(Excerpts from a dataset)
···

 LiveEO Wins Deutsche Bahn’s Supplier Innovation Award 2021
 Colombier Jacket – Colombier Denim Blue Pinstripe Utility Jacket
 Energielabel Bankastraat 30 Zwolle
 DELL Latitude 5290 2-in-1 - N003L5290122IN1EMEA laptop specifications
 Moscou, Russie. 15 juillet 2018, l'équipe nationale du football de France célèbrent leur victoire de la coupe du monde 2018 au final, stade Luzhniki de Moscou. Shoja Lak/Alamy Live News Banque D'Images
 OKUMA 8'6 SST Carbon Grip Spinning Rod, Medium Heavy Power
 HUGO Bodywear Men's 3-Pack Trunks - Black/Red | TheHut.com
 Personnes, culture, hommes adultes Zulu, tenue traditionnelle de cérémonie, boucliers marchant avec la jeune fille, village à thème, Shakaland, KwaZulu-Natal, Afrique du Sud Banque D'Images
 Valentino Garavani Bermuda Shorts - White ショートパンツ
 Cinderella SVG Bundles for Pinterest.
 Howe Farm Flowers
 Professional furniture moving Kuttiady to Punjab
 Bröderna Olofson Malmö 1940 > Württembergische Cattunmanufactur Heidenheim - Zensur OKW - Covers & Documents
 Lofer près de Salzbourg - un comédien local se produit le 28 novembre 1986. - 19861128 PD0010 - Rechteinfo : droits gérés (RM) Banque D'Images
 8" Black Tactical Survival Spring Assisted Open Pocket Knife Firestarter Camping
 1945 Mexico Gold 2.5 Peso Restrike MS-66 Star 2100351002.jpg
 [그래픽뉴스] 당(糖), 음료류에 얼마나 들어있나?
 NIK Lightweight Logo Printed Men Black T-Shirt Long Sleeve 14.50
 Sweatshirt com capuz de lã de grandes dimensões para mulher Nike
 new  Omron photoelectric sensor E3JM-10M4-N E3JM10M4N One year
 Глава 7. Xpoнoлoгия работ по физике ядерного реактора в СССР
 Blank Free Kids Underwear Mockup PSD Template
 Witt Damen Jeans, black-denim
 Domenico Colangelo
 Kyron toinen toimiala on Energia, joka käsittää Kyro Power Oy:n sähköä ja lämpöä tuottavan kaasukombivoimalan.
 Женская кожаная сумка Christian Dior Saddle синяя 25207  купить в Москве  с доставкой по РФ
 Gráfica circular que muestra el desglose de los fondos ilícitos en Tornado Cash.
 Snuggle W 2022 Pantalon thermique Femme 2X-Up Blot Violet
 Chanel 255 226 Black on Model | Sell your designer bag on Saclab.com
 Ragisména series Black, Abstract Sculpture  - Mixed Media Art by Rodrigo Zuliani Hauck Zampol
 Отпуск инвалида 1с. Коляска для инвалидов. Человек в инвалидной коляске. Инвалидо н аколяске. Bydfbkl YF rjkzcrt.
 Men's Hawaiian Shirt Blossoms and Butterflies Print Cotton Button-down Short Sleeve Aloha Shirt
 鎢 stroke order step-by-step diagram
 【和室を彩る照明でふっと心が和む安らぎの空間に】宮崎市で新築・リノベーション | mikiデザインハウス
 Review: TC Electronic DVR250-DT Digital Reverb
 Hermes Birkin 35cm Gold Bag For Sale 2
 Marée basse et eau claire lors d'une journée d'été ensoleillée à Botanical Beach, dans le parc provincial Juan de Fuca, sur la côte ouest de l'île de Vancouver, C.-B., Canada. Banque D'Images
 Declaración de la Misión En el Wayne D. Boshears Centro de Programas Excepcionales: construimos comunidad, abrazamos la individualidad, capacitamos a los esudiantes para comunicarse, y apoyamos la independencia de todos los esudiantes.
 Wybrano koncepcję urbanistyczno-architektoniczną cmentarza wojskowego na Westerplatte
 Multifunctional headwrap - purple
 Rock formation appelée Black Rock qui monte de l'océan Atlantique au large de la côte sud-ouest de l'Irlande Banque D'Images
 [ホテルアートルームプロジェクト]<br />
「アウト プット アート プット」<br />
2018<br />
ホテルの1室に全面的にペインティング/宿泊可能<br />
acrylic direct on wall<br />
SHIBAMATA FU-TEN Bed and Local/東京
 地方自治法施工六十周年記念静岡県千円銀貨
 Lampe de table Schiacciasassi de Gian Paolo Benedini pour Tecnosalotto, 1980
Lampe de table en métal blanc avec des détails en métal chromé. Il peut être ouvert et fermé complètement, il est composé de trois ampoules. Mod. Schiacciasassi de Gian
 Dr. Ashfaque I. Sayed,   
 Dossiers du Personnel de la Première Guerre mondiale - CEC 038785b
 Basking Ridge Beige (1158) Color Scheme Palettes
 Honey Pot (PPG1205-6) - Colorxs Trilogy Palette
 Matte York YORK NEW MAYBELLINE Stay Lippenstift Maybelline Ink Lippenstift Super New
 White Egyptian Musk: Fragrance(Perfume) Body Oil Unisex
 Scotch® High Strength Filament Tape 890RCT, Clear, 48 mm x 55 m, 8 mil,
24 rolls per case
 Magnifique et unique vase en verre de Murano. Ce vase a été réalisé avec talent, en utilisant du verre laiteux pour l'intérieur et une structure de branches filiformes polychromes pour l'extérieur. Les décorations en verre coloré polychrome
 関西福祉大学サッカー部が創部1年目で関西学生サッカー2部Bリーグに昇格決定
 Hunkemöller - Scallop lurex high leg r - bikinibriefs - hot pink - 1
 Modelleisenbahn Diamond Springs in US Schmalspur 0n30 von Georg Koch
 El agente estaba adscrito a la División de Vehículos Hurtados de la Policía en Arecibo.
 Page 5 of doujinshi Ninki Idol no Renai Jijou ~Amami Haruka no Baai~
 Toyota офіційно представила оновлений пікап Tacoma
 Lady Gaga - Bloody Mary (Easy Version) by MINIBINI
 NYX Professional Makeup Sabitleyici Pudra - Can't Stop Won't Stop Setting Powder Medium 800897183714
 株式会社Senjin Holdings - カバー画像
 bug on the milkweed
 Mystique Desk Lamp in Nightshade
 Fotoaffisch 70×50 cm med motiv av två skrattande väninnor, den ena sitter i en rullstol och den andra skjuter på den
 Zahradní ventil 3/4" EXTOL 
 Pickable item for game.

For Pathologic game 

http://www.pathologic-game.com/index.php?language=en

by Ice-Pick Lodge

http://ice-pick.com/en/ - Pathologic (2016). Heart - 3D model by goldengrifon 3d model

···

Task item —
Every line above in which the word "http" is present must be copied into the answer.

Task solution —
http://www.pathologic-game.com/index.php?language=en
http://ice-pick.com/en/ - Pathologic (2016). Heart - 3D model by goldengrifon 3d model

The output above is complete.